As for the concept of herding cats, the Mississippi Republican said, “You ever try to do that? You can’t do it. They got a mind of their own. They got their tails up in the air, go walking off in different directions.” And 99 other Senators are no different than cats.

The excitement he shows about his book does raise the question: Is Trent Lott running to get his old job back? “I hadn’t decided that yet,” Lott said. But he at least flirted with the idea, when HOH suggested the trains don’t run as smoothly as they used to. Lott said he hears that from his colleagues. “Yeah, they come over and say, ‘Where are you when we need you?’”

Lott’s life in politics included four years as a staffer to then-Rep. Bill Colmer (D-Miss.) — yes, a Democrat — before going on to become a House Member and a Senator. Lott will begin a tour to promote his book, published by Regan Books/Harper Collins, on Aug. 23 in New York.

Gotcha; Oh No You Don’t. It’s hard to hook and reel in that crafty Majority Leader Tom DeLay (R-Texas). But, hey, a reporter has to try!

Congressional reporters tried their darndest at a Friday news conference that DeLay had with other House conservatives to bash Senate Majority Leader Bill Frist (Tenn.) over his newfound centrist position on embryonic stem-cell research. DeLay was less strident than other Members in their attacks on Frist, even calling the Majority Leader “a good man … advocating a bad policy.”

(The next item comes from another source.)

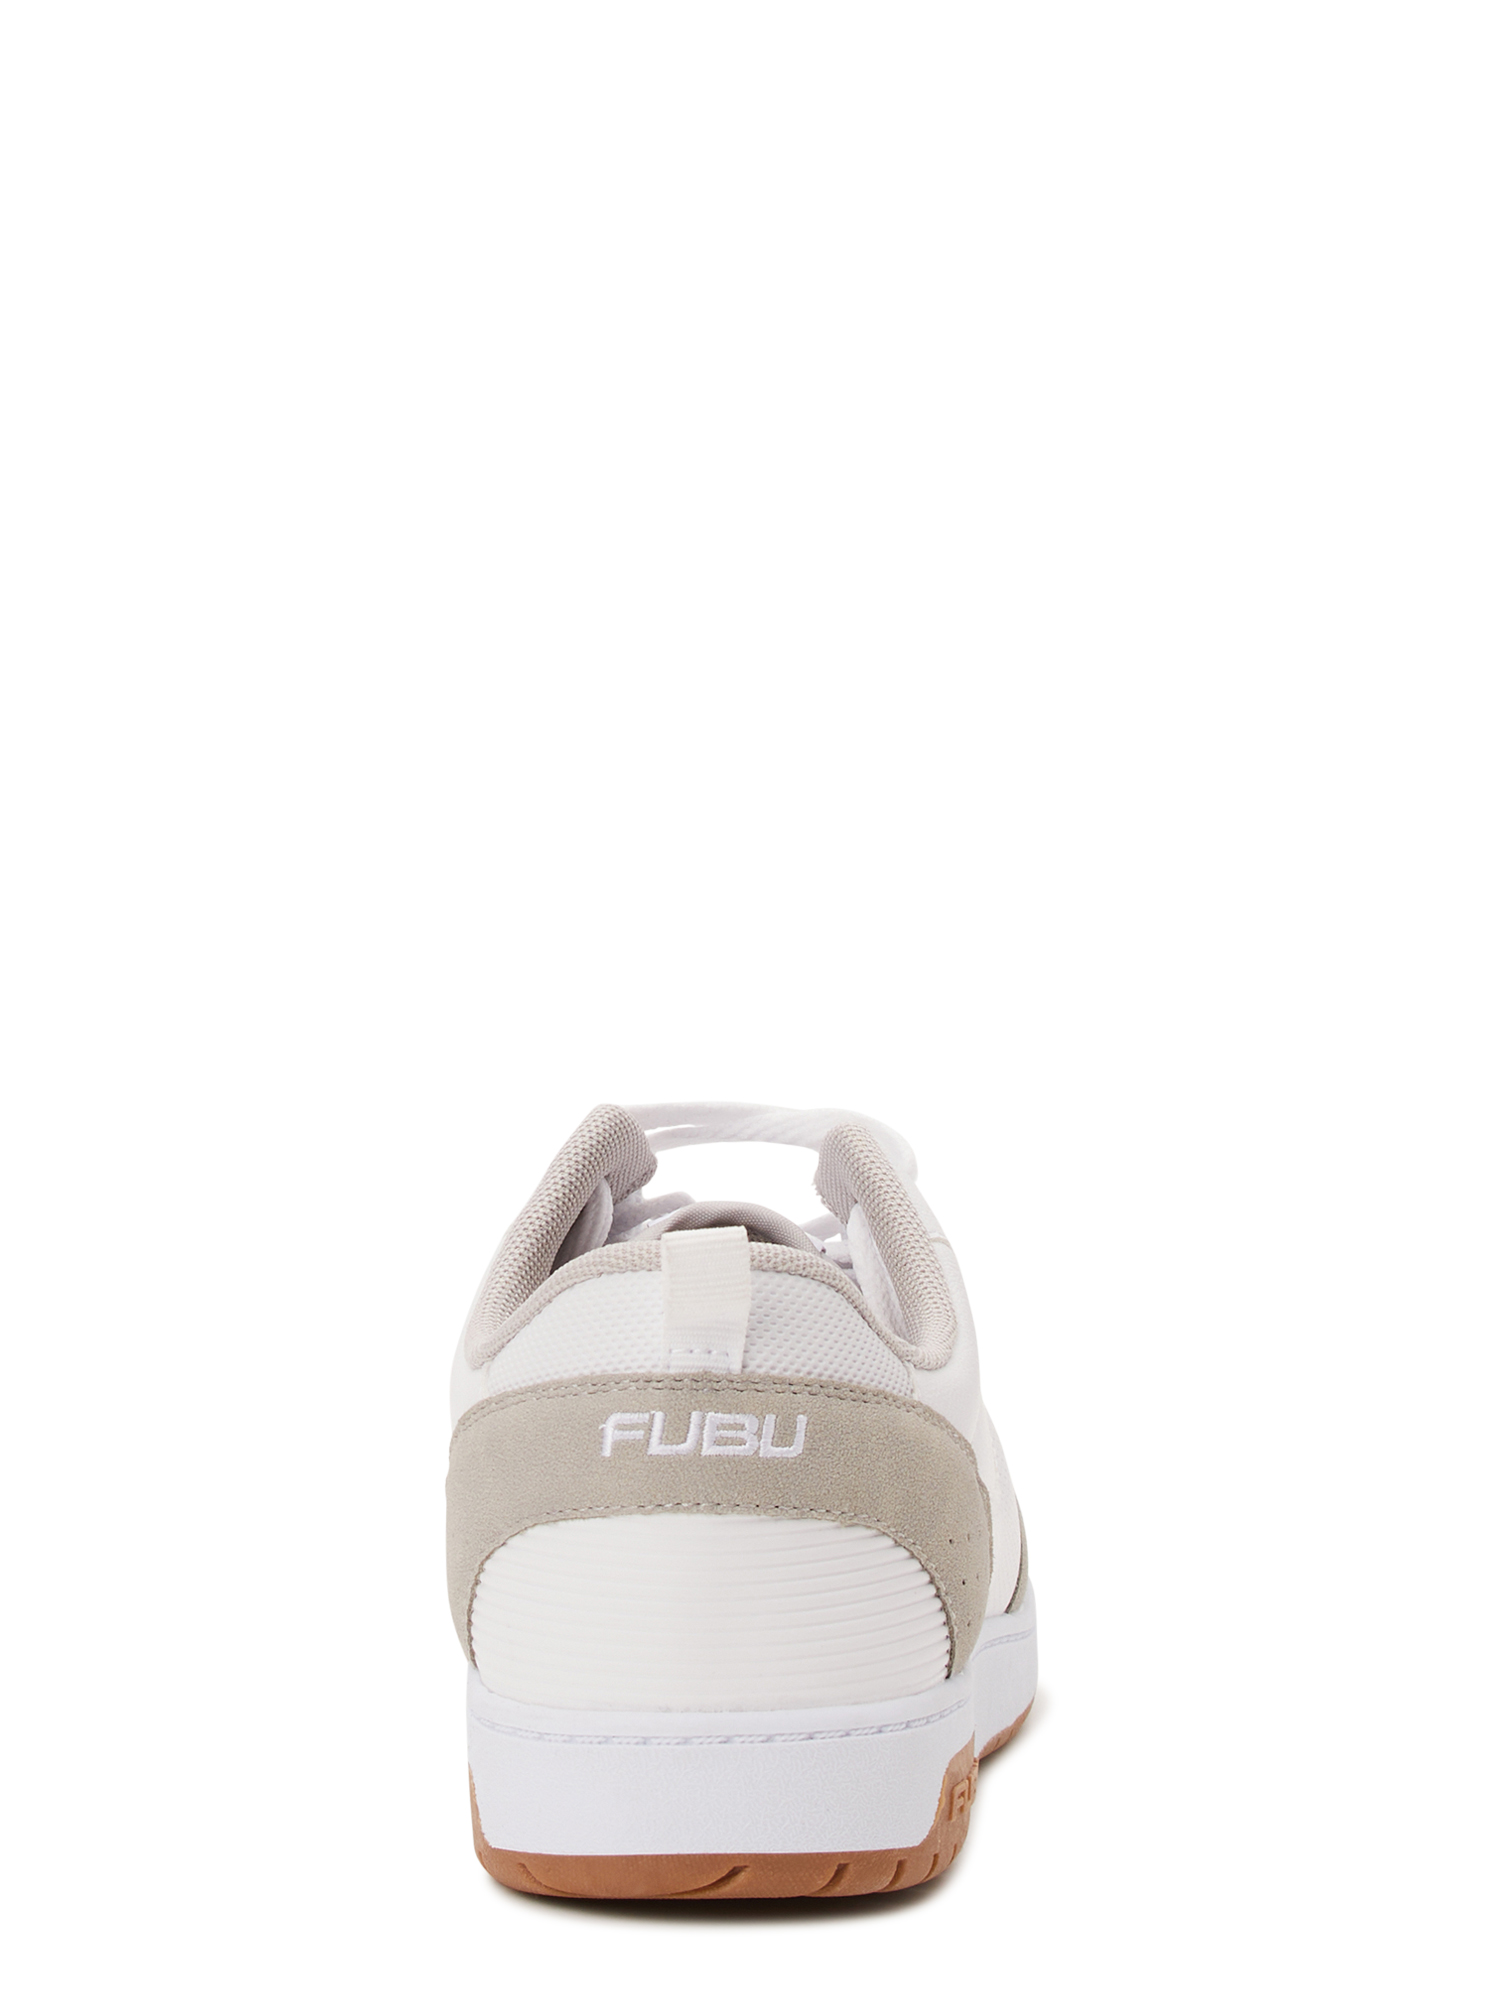 FUBU Little & Big Boys Half Court Low Top Sneakers, Sizes 13-6 - image 3 of 5

But scribe after scribe went fishing for a nasty quote from that biting, acid tongue that DeLay has employed with aplomb over the years. New York Times reporter David Kirkpatrick thought he had found the perfect bait, asking DeLay whether Frist’s watered-down position would make it less likely that he would support the Majority Leader for president in 2008.

DeLay paused, stared the reporter in the eye, and formed that kind of admiring-yet-loathsome smile that a warrior has for a worthy opponent. “That’s right up there with, ‘When’s the last time you beat your wife?’” DeLay quipped.